■ The problem ■
The copy must match the data word for word and contain no pictures.

■ Dataset section ■
========================================================================

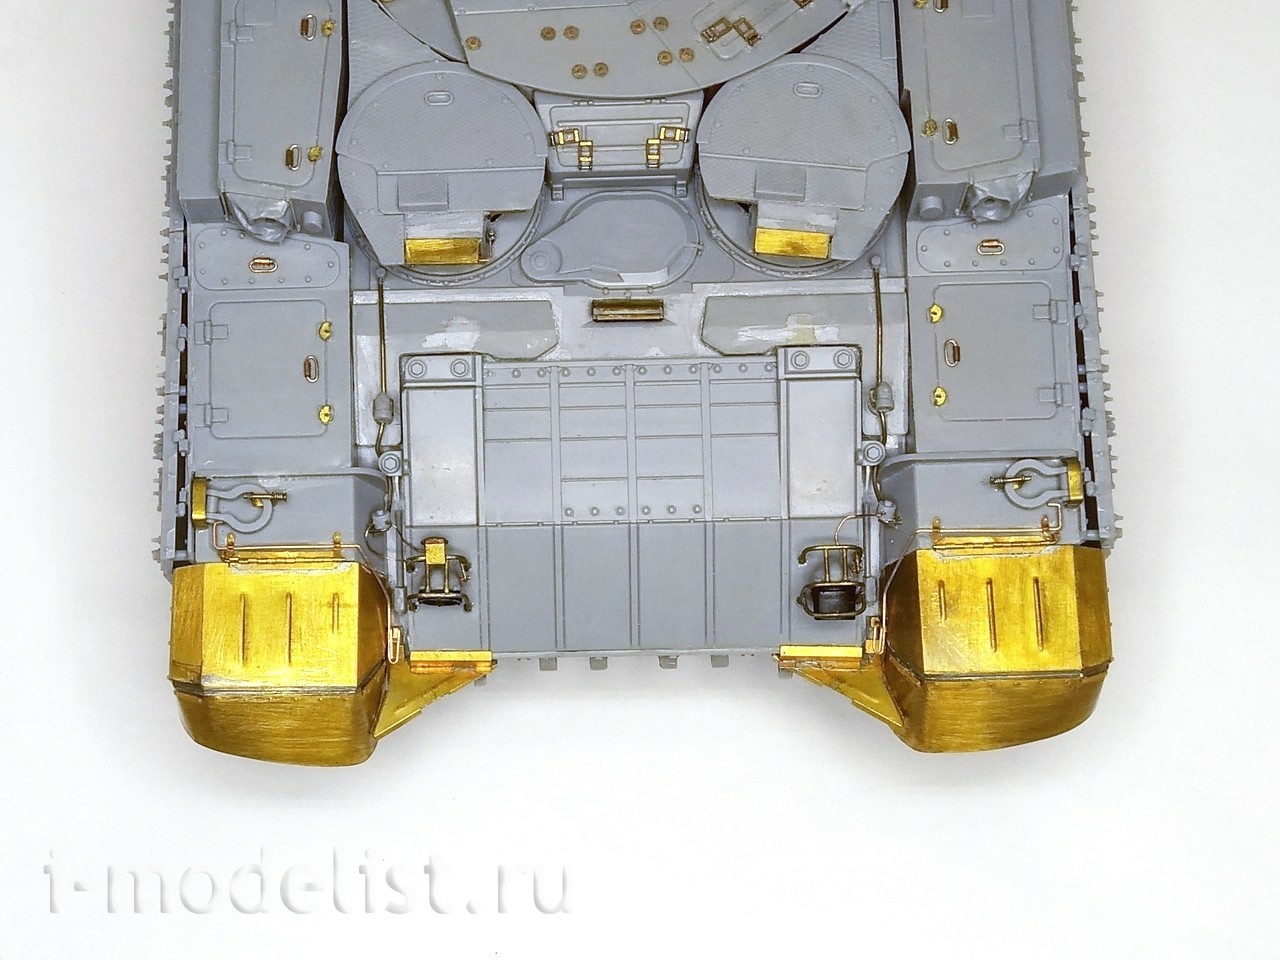 035330 Microdesign 1/35 Front mud flaps BMPT/MSTA
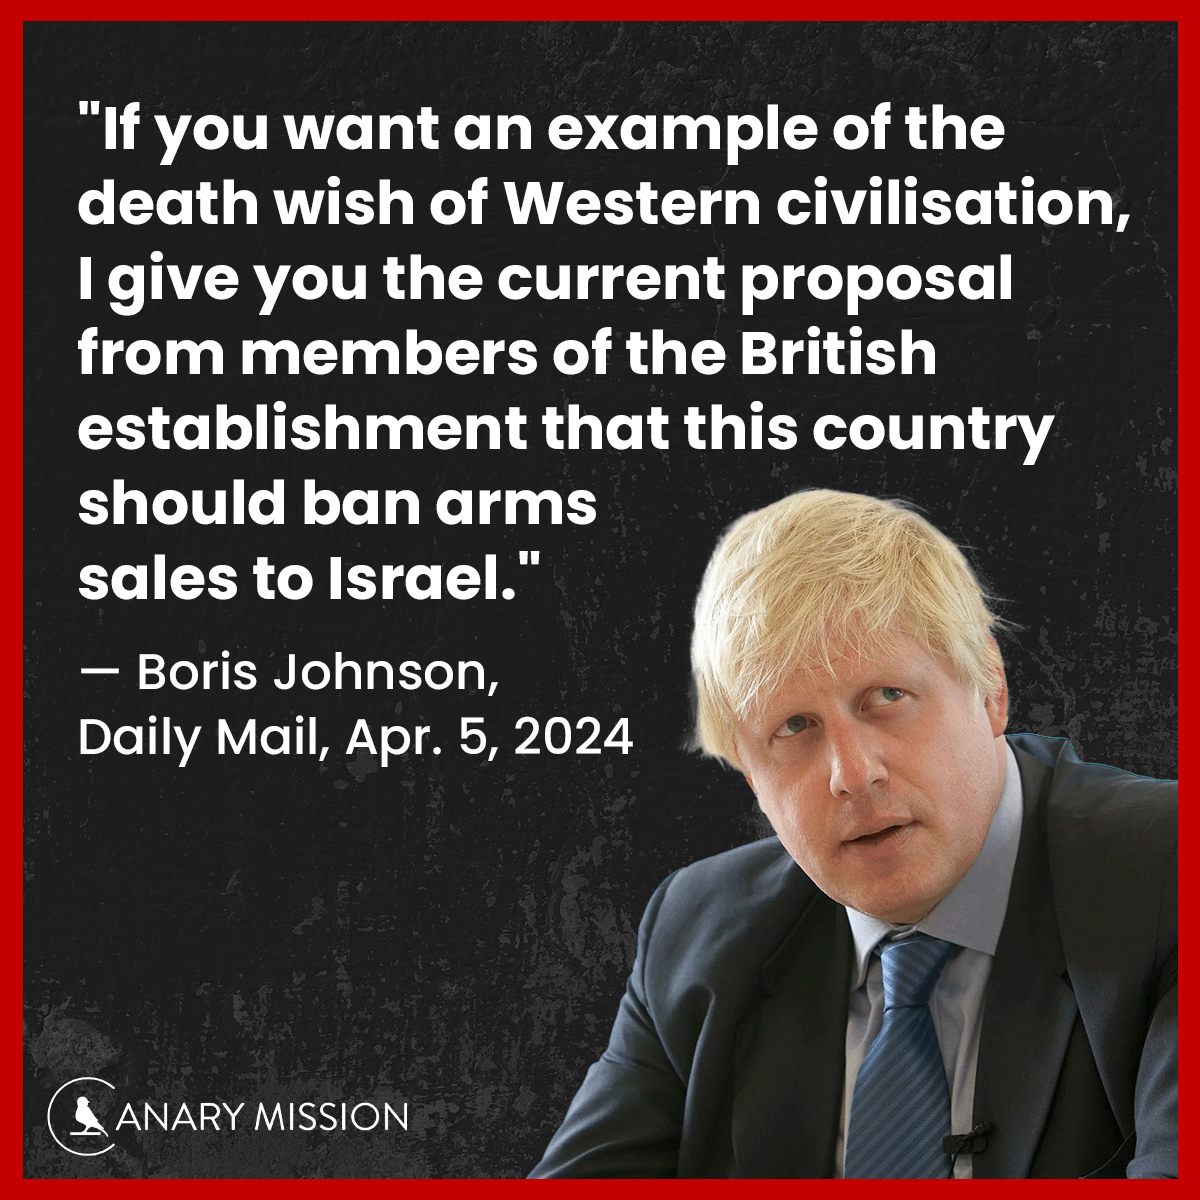 🎯Former UK Prime Minister @BorisJohnson: 'If you want an example of the death wish of Western civilisation, I give you the current proposal from members of the British establishment that this country should ban arms sales to Israel.' dailymail.co.uk/debate/article…
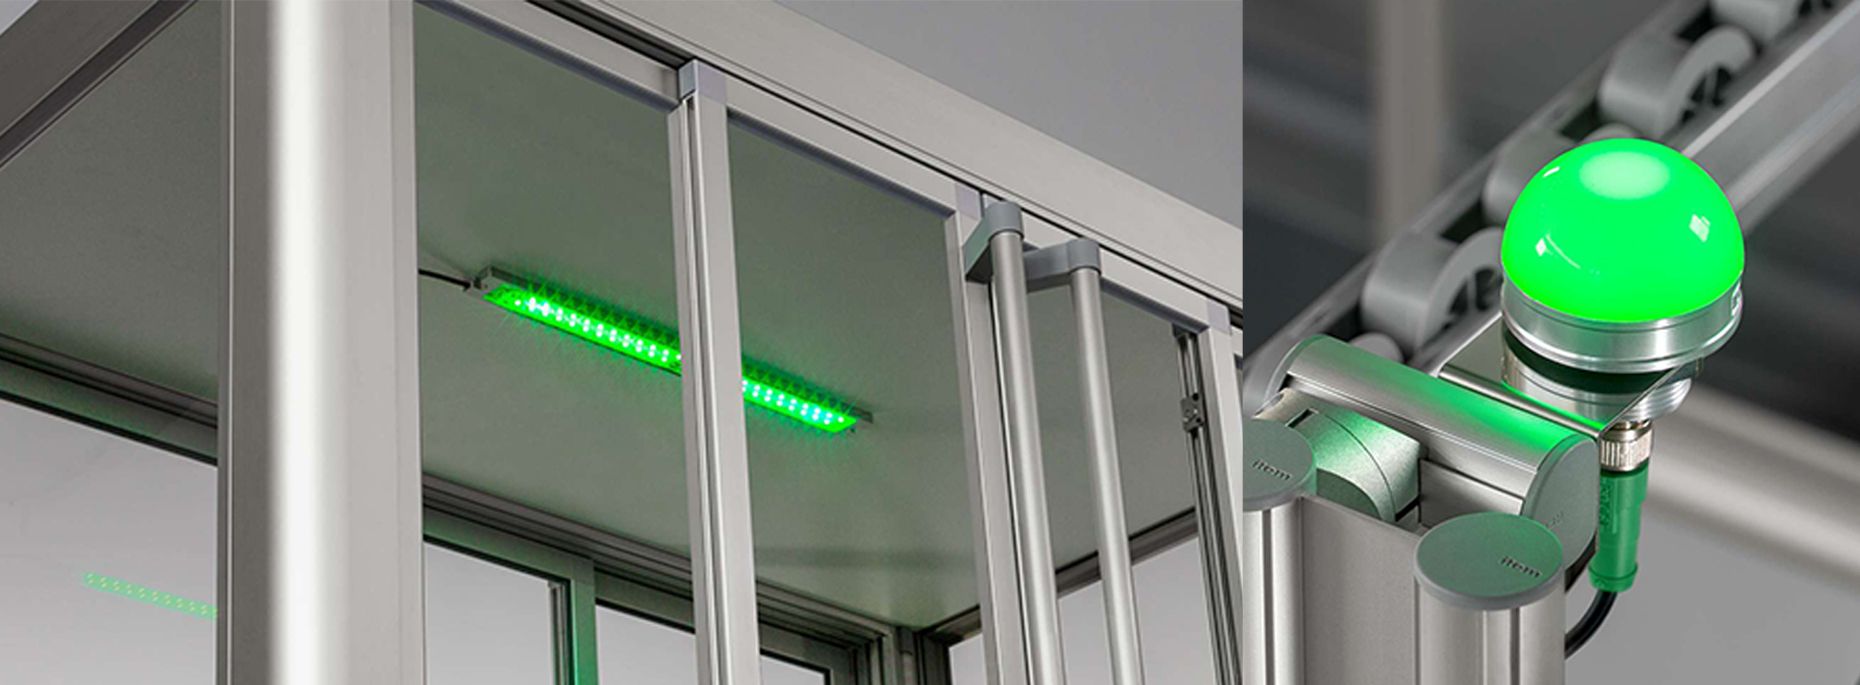 item Signalling Solutions - IO-Link LED strip and signal lights
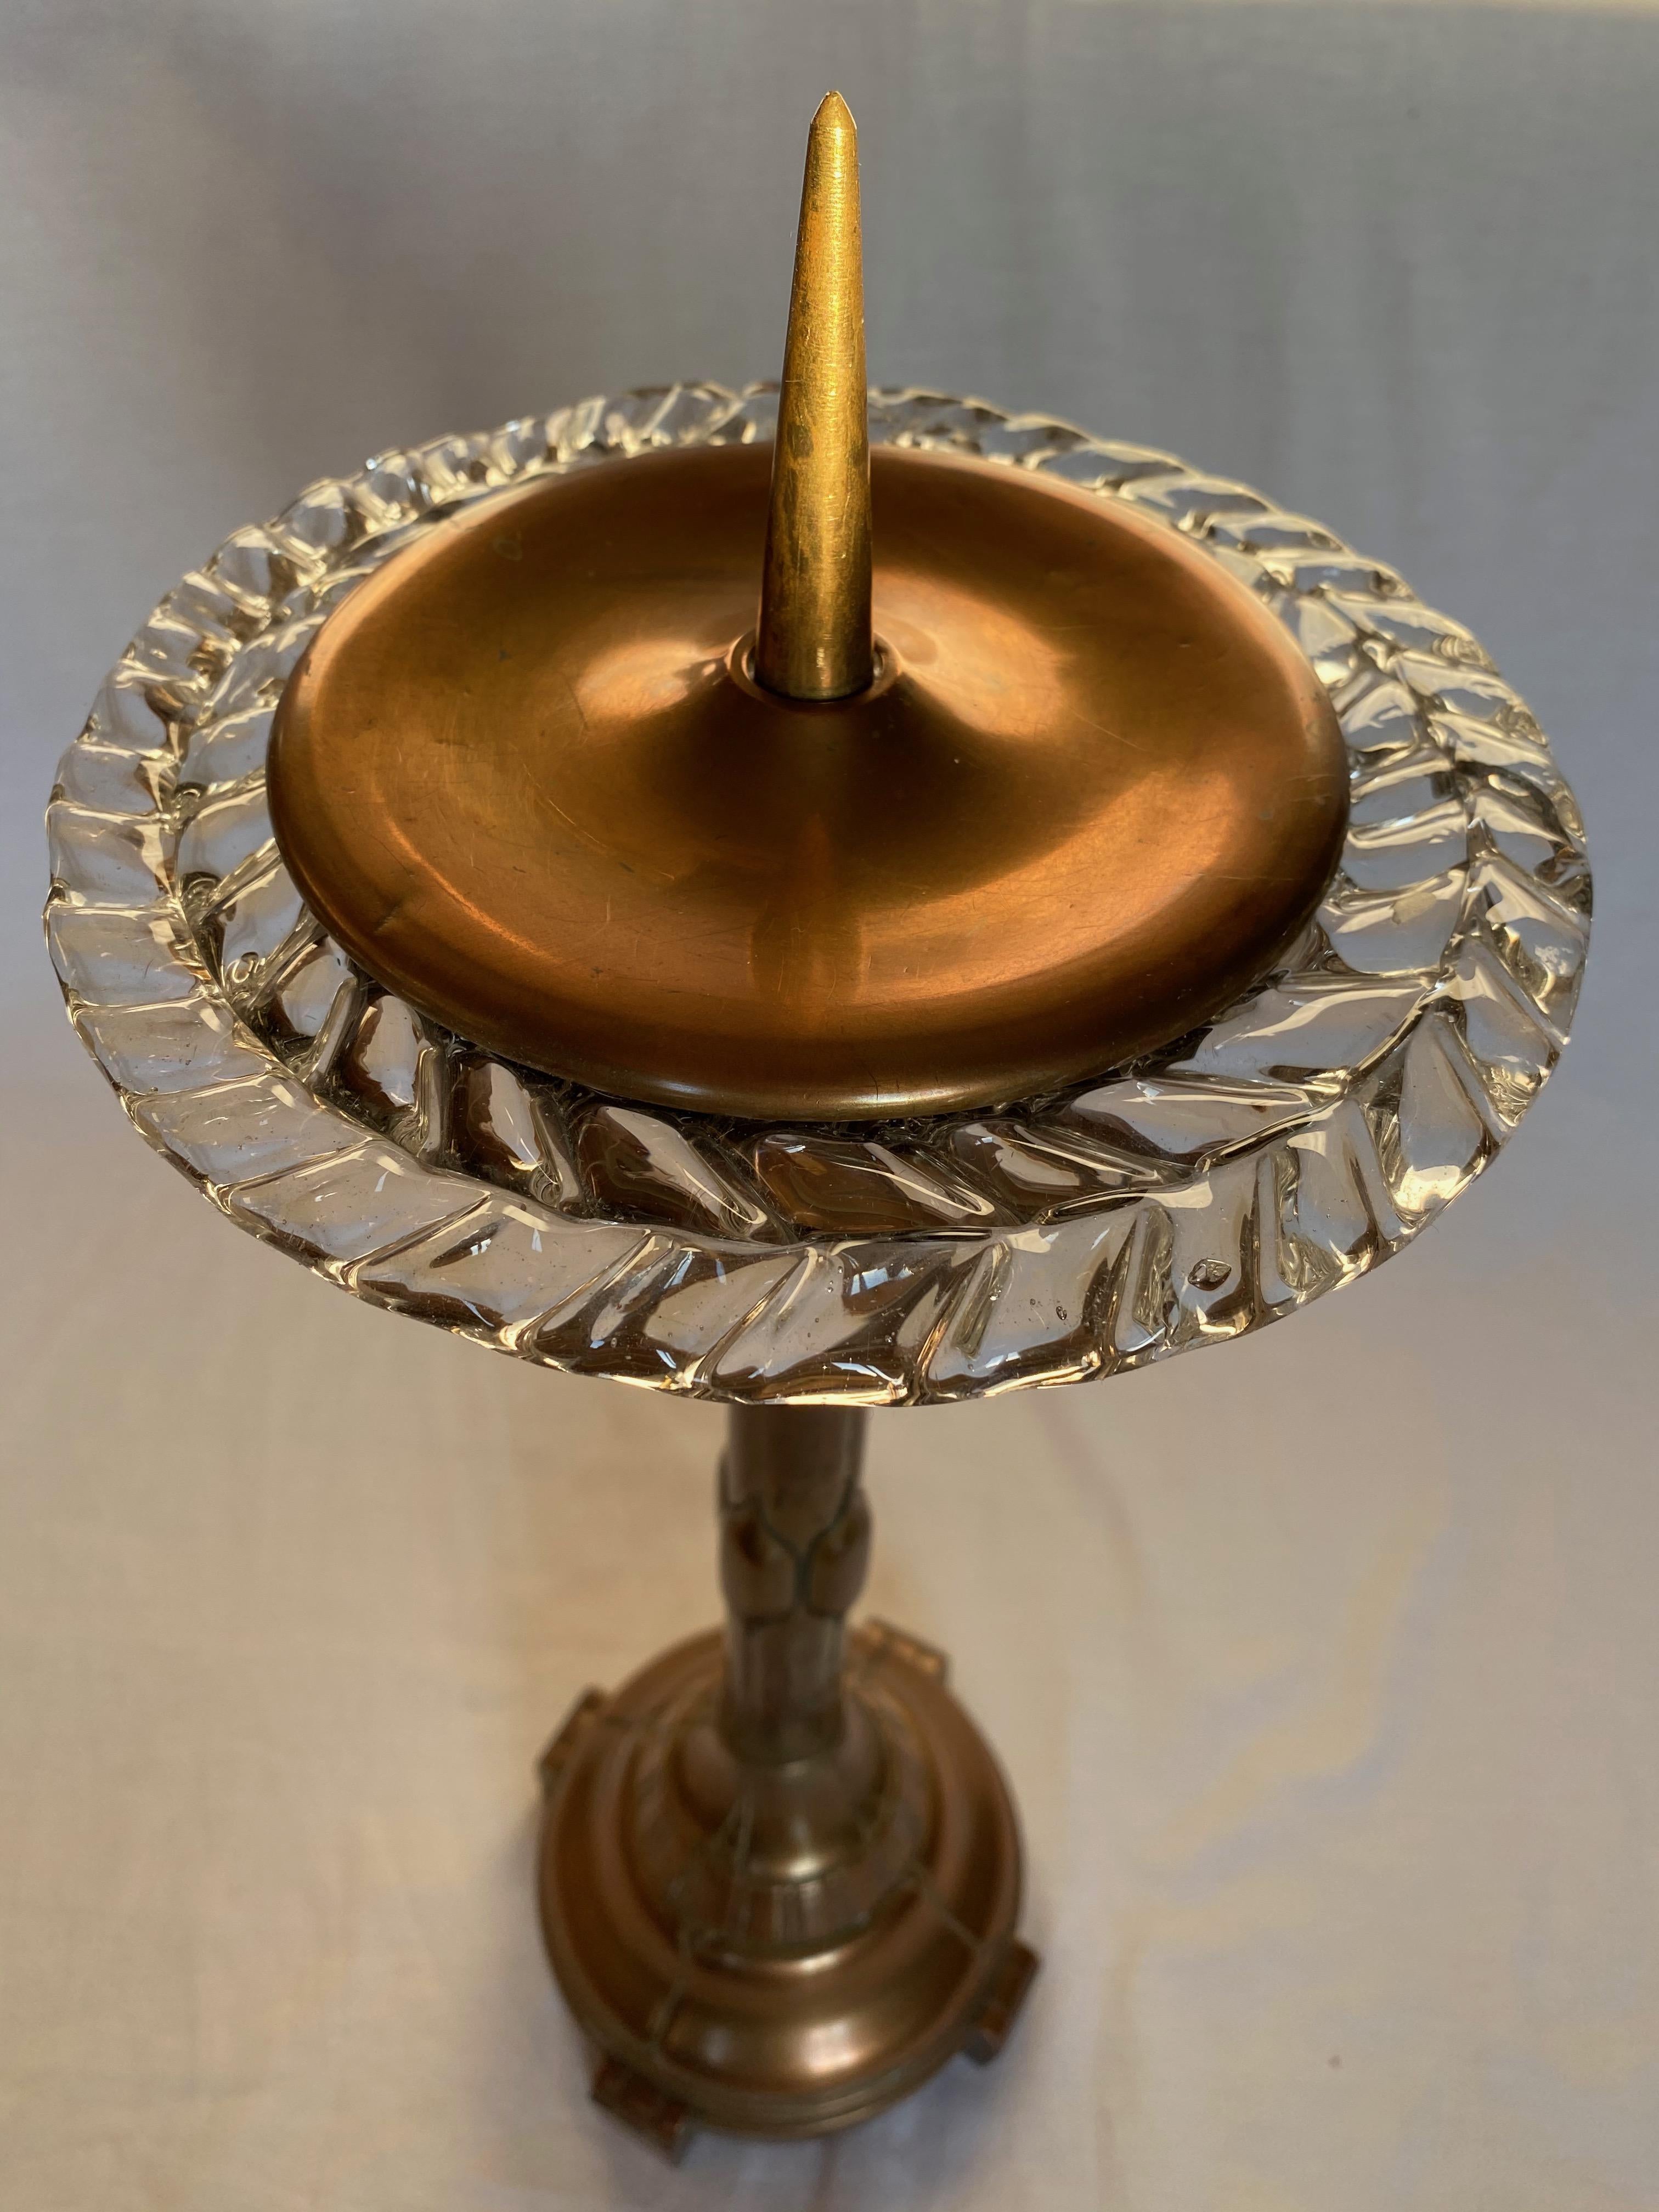 Rare candleholder in copper and Murano glass by Ercole Barovier.

========================================================================

■ Response to this exercise ■
 035330 Microdesign 1/35 Front mud flaps BMPT/MSTA
 🎯Former UK Prime Minister @BorisJohnson: 'If you want an example of the death wish of Western civilisation, I give you the current proposal from members of the British establishment that this country should ban arms sales to Israel.' dailymail.co.uk/debate/article…
 item Signalling Solutions - IO-Link LED strip and signal lights
 Rare candleholder in copper and Murano glass by Ercole Barovier.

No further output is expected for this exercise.